How I’ve been Using Puppeteer

Joel Ramos
ramosly | blog
Published in
10 min readMay 11, 2020

--

Hey all 👋

Today I thought I would go over how I’ve been using Puppeteer’s… maybe less obvious features.

If you’ve made it here, you probably already know that Puppeteer is a Node JS library for automating Chrome / Chromium. And I do use it to navigate to pages, click things, and take screenshots.

However!

Puppeteer gives you access to a lot more of the browser, like the console, the browser requests, redirect chains, the TLS certificate, etc. These are the Puppeteer powers I’ve been using more lately, rather than just to imitate user behaviors.

If you’re looking to get started with Puppeteer, maybe take a look at my other post.

What follows will be more about looking under the hood of the browser and verifying that things are working as we expect.

Under the Hood 🔧

As I mentioned at the start, I find myself using Puppeteer for stuff that Selenium WebDriver can’t do.

For example, maybe we want to ensure that a certain response has a certain header when users navigate to a page.

Or, maybe you want to check that a page is rendered on the server, and so certain HTTP requests should not be present when you navigate directly to a url.

Accessing this information is relatively simple to do with Puppeteer, so let’s do it!

Inspecting HTTP Responses 💌

So there are actually two approaches to inspecting responses.

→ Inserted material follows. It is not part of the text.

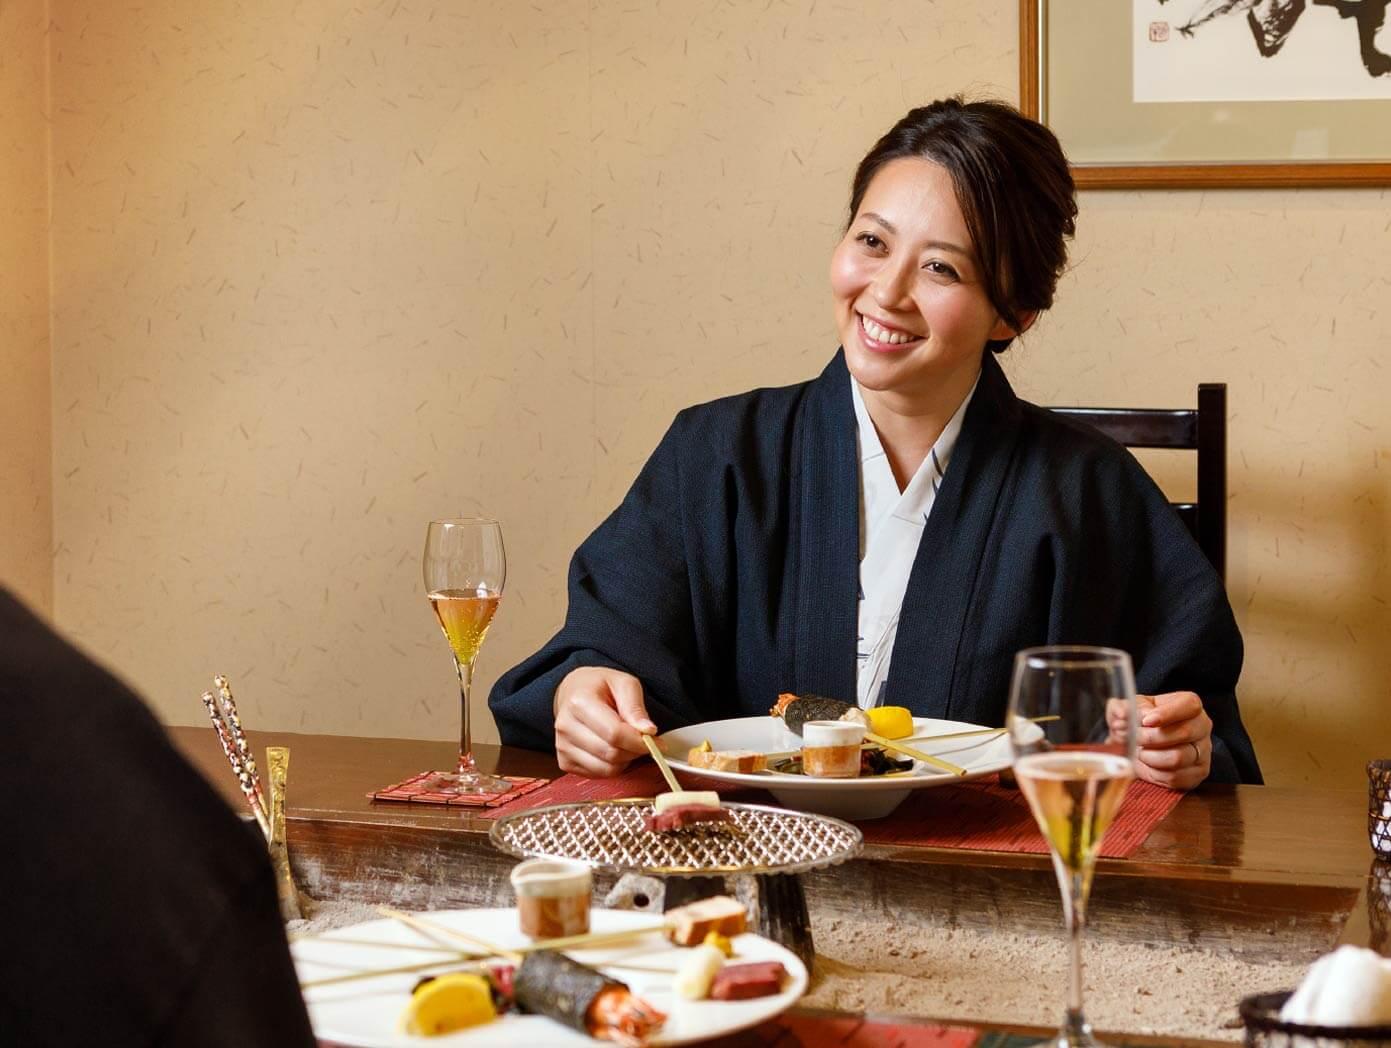 写真:食事中の女性

  1. You can grab the response from the call to page.goto() which is the return value. Then you can inspect that.
  2. You can also intercept all the requests the browser makes as you navigate around. You can then use JavaScript logic to pluck out the ones you want, grab values from them, or return a mocked response instead, etc.

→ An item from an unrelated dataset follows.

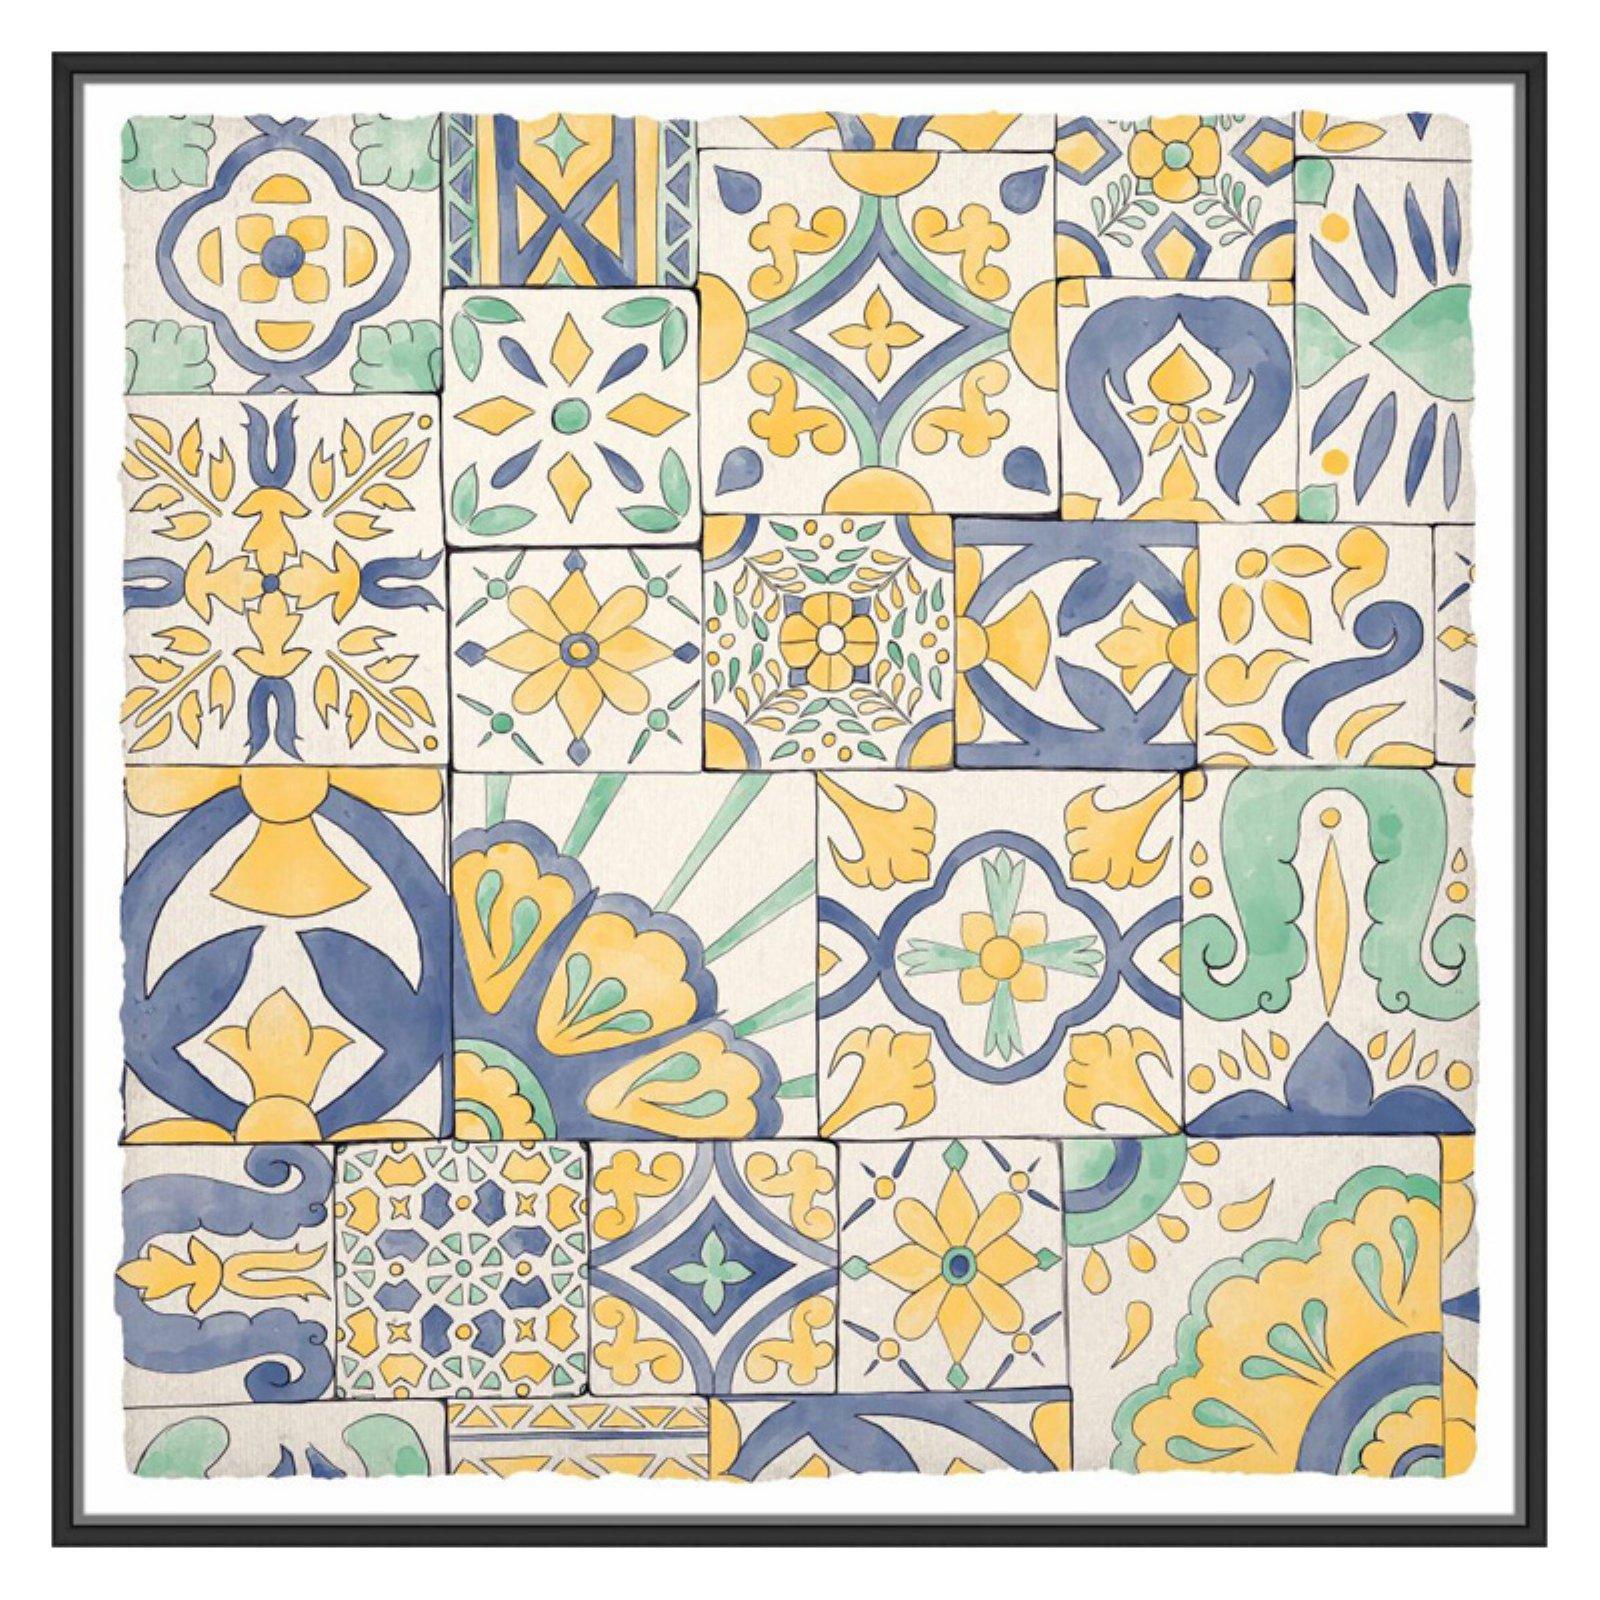 Ptm Images Mandala Puzzle Ii Wall Art Wall Art Art Wall Art Decor

The first one is simpler, so let’s start with that.

If we store the result of the call to page.goto() in a variable, we can access the functions of the Response object we got back.

// index.js
...
// navigate to a page
const response = await page.goto('https://www.google.com')
console.log('Response headers: ', response.headers())
...

When you run the script with node index.js this time, you should see the response headers logged to the console.

Gif of running the script and seeing the response headers get logged to the terminal
Response headers logged to the console. (The “headless” option was removed for the gif so that the browser would not display).

🎉

Note: you could just make a request without a browser to inspect the response, but it can be useful to inspect the browser requests while a UI test runs.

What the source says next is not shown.